The distance between what happens on the ground and what shows up in a financial model is also long, and every link in that chain currently has gaps. A change in land management, cover cropping, wetland restoration, reduced tillage, produces an ecological outcome, such as higher soil organic matter or a restored floodplain. That ecological outcome changes the underlying vulnerability of the system: its sensitivity and adaptive capacity to a given hazard. Changed vulnerability alters the risk profile of any asset or activity that depends on the services that ecosystem provides. That risk profile then needs to be translated into something a financial model can use, such as a damage curve showing expected loss at a given hazard intensity, which in turn, in a credit model, feeds into inputs like probability of default, loss given default, or, in an equity model, a discount rate adjustment. Data and methodology exist for parts of this chain individually. Comparatively little exists to connect them end to end, which is consistent with findings that lenders and investors working on physical risk continue to report significant gaps in the asset-level information needed to move from a hazard map to a firm-specific price.[8]

A further limitation sits on top of this chain: most physical risk assessment is still built around a single hazard, evaluated at a single point in time. A portfolio review typically asks whether a given asset sits in a flood zone, or whether a region is projected to face heat stress by 2050. That answers whether a risk exists in isolation.

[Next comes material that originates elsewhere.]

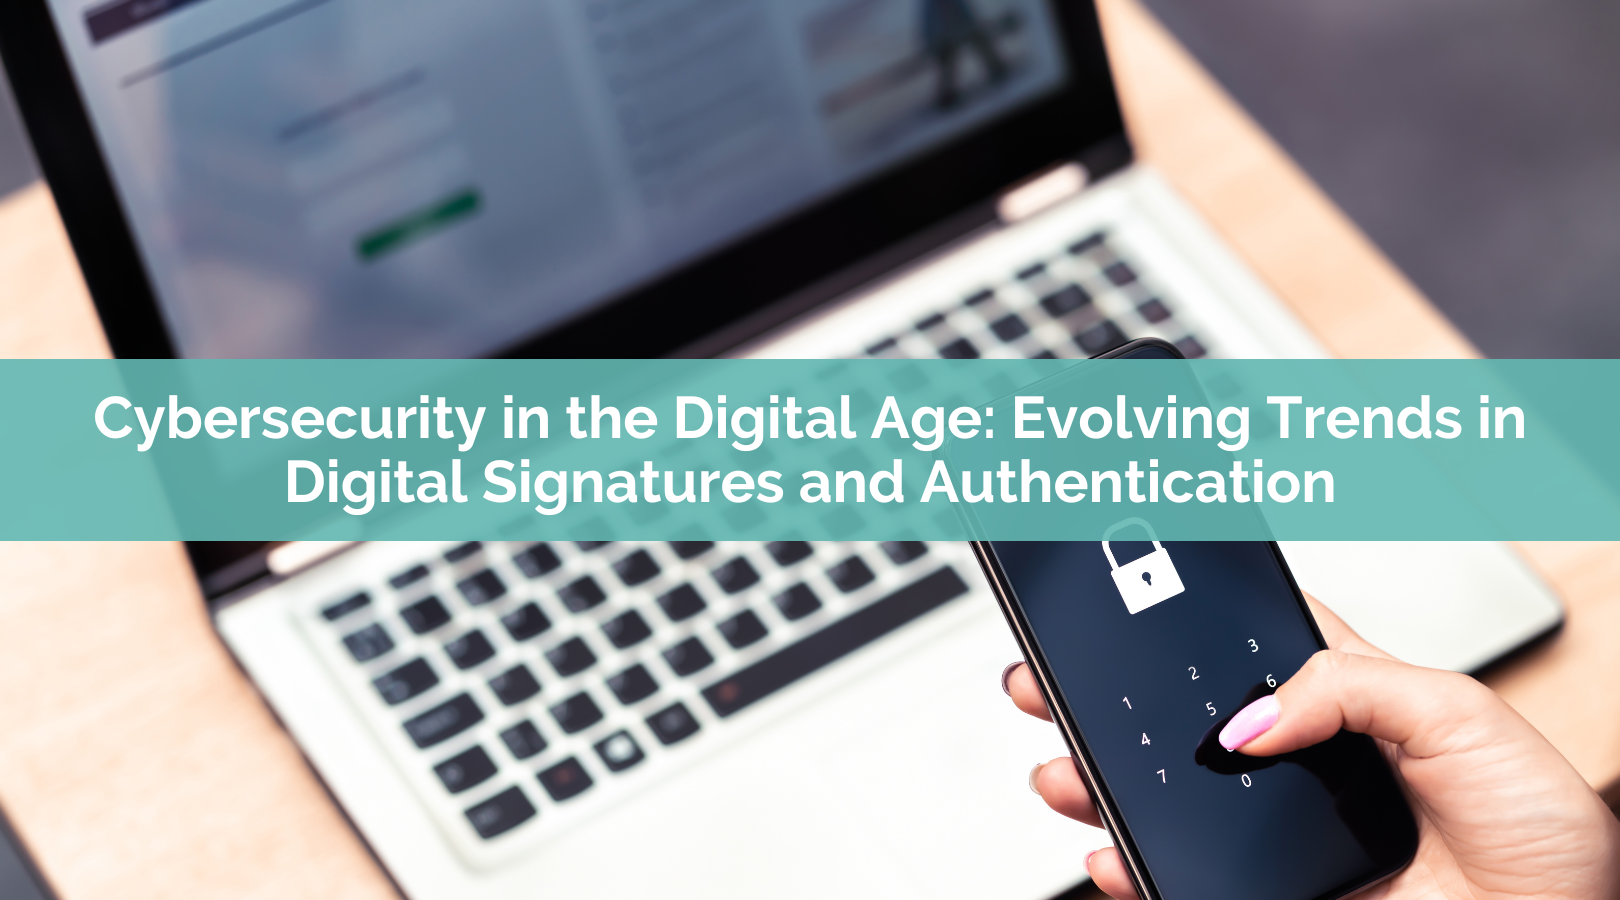 Cybersecurity in the Digital Age: Evolving Trends in Digital Signatures and Authentication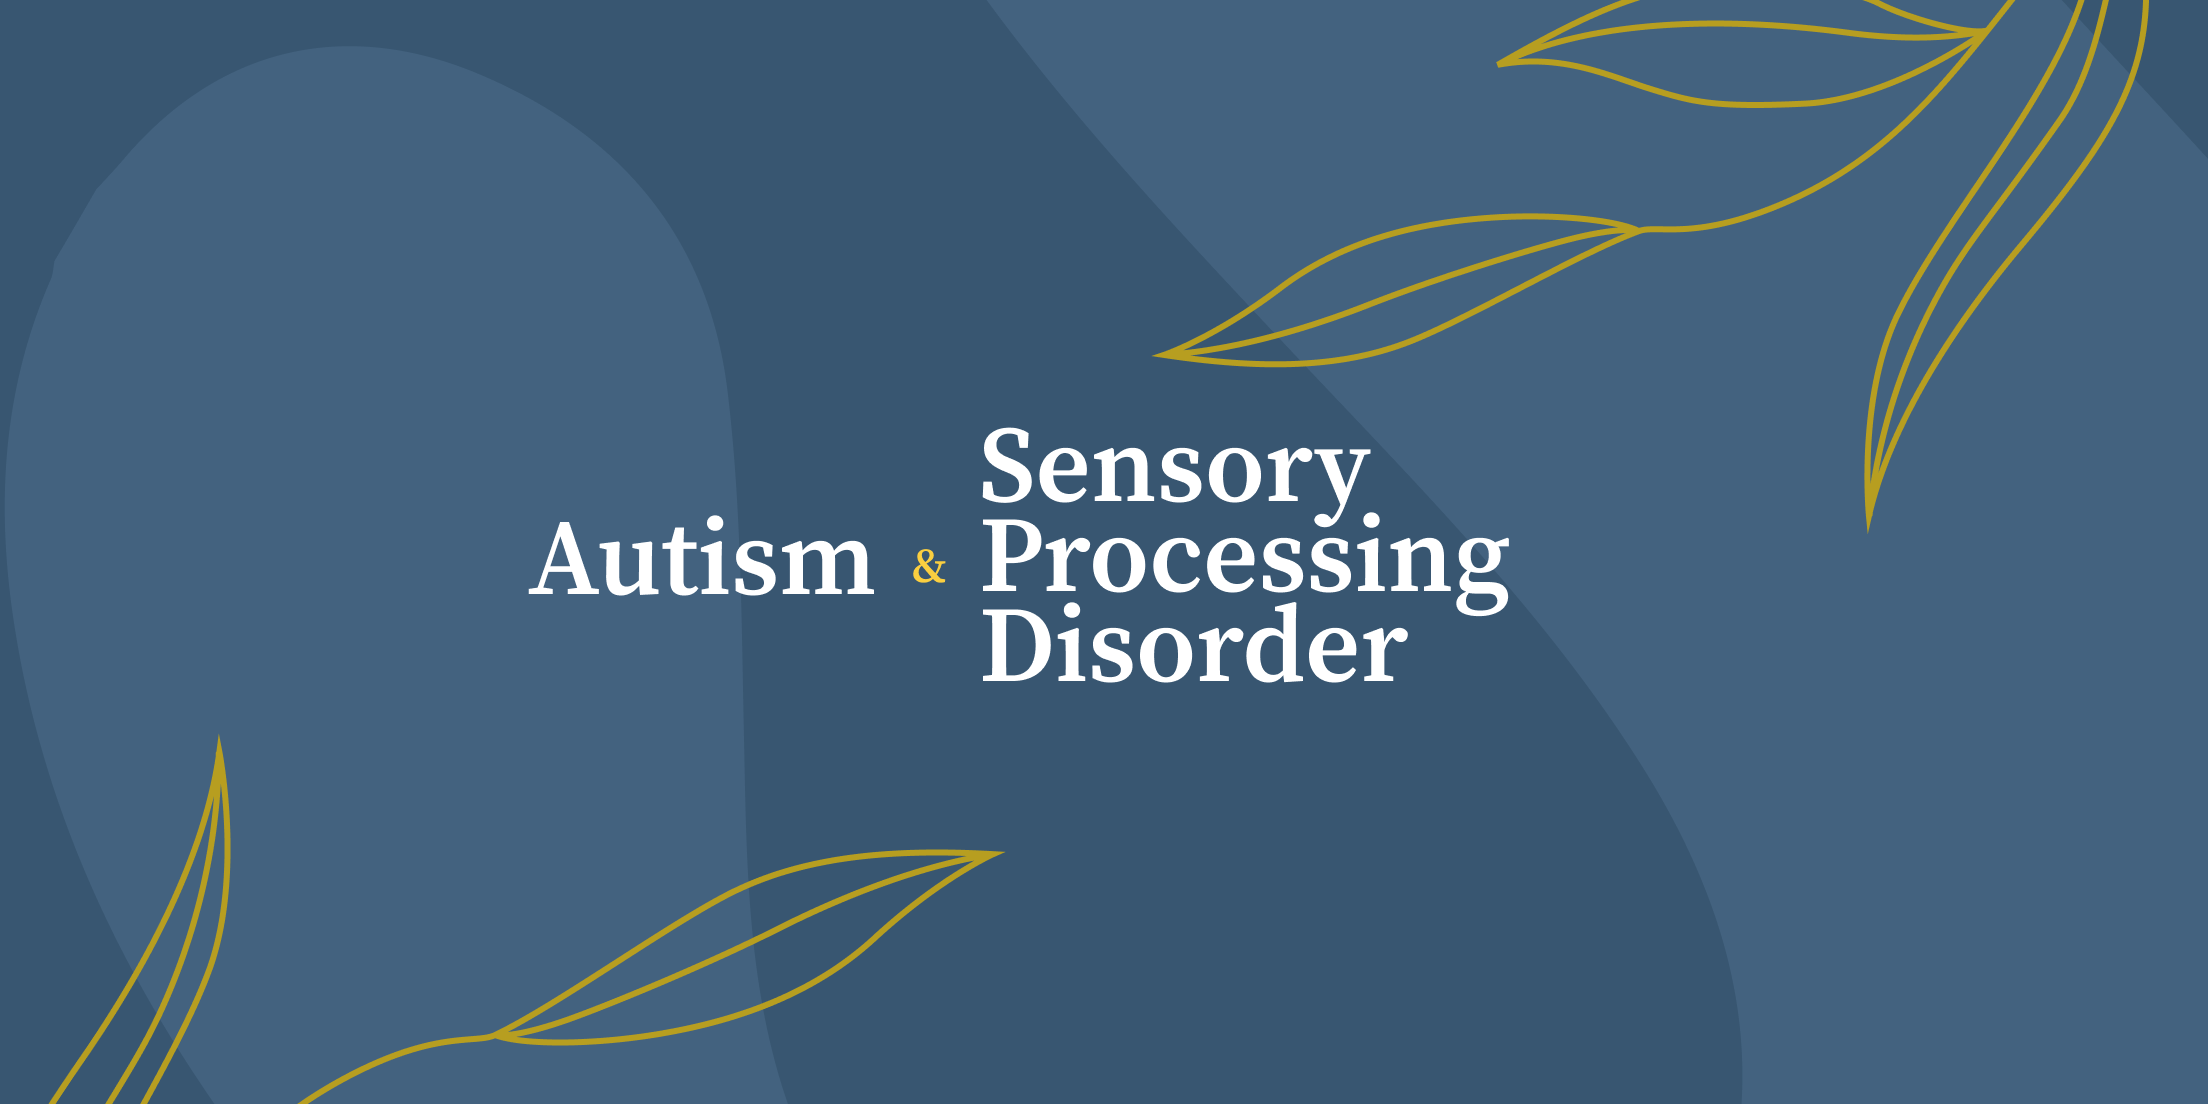 Autism & Sensory Processing Disorder: The Connection

It does not answer what happens when a heatwave and a drought land on the same asset within the same underwriting year, a pairing increasingly documented as a compound climate hazard rather than two independent events.[9] Reinsurers have begun documenting the broader pattern directly: 2024 alone produced an estimated $320 billion in global natural catastrophe losses, and the assumption that different hazard types diversify away within a portfolio has increasingly not held up against the loss data.[10] Underwriting and credit models remain built largely around single-hazard coverage, even as compounding, cascading, and repeating impacts account for a growing share of realised losses.[11]

Fig. 04
$320bn

Global natural catastrophe losses in 2024 alone — a year in which hazards refused to diversify away.

Munich Re, 'How climate hazards compound across portfolios', Re/Brief (2025).

The scale at which vulnerability needs to be measured also depends on the hazard in question, which limits how far a single dataset or methodology can travel across hazard types. If heat stress is the primary hazard facing a farm, the relevant unit of analysis is the field and a buffer around it, since local vegetation cover and microclimate regulation are what determine how much of that heat reaches the crop. If flooding is the primary hazard, the relevant unit is the watershed, since it is upstream land use, wetland extent, and drainage patterns that determine whether the same rainfall arrives as a manageable event or a damaging one. There is no single spatial resolution that serves every hazard, so a vulnerability assessment built for one hazard cannot simply be reused for another.

Finally, pricing any of this requires knowing precisely where an asset sits, and that location data is often the hardest piece of information to obtain. Assessing a hazard at the level of a client's overall business is difficult enough without granular data. Assessing vulnerability at the level of a specific asset or transaction is harder still, since it requires knowing not just a region or postcode, but the specific watershed, field, or landscape unit the asset depends on, information that is frequently unavailable to the lenders and investors who would need it most.

A further challenge sits outside the measurement problem entirely, though it follows directly from it. Even where vulnerability can be measured, the benefit of reducing it, through soil restoration, watershed management, or similar investment, often does not show up for several years after the work is done, while a loan, lease, or investment relationship is typically priced and reviewed on a much shorter cycle. This is not a difficulty in quantifying vulnerability itself. It is a difficulty in using that measurement well: deciding how a lender or investor should treat a client partway through a multi-year resilience investment, when the pricing relationship may conclude before the benefit is fully realised.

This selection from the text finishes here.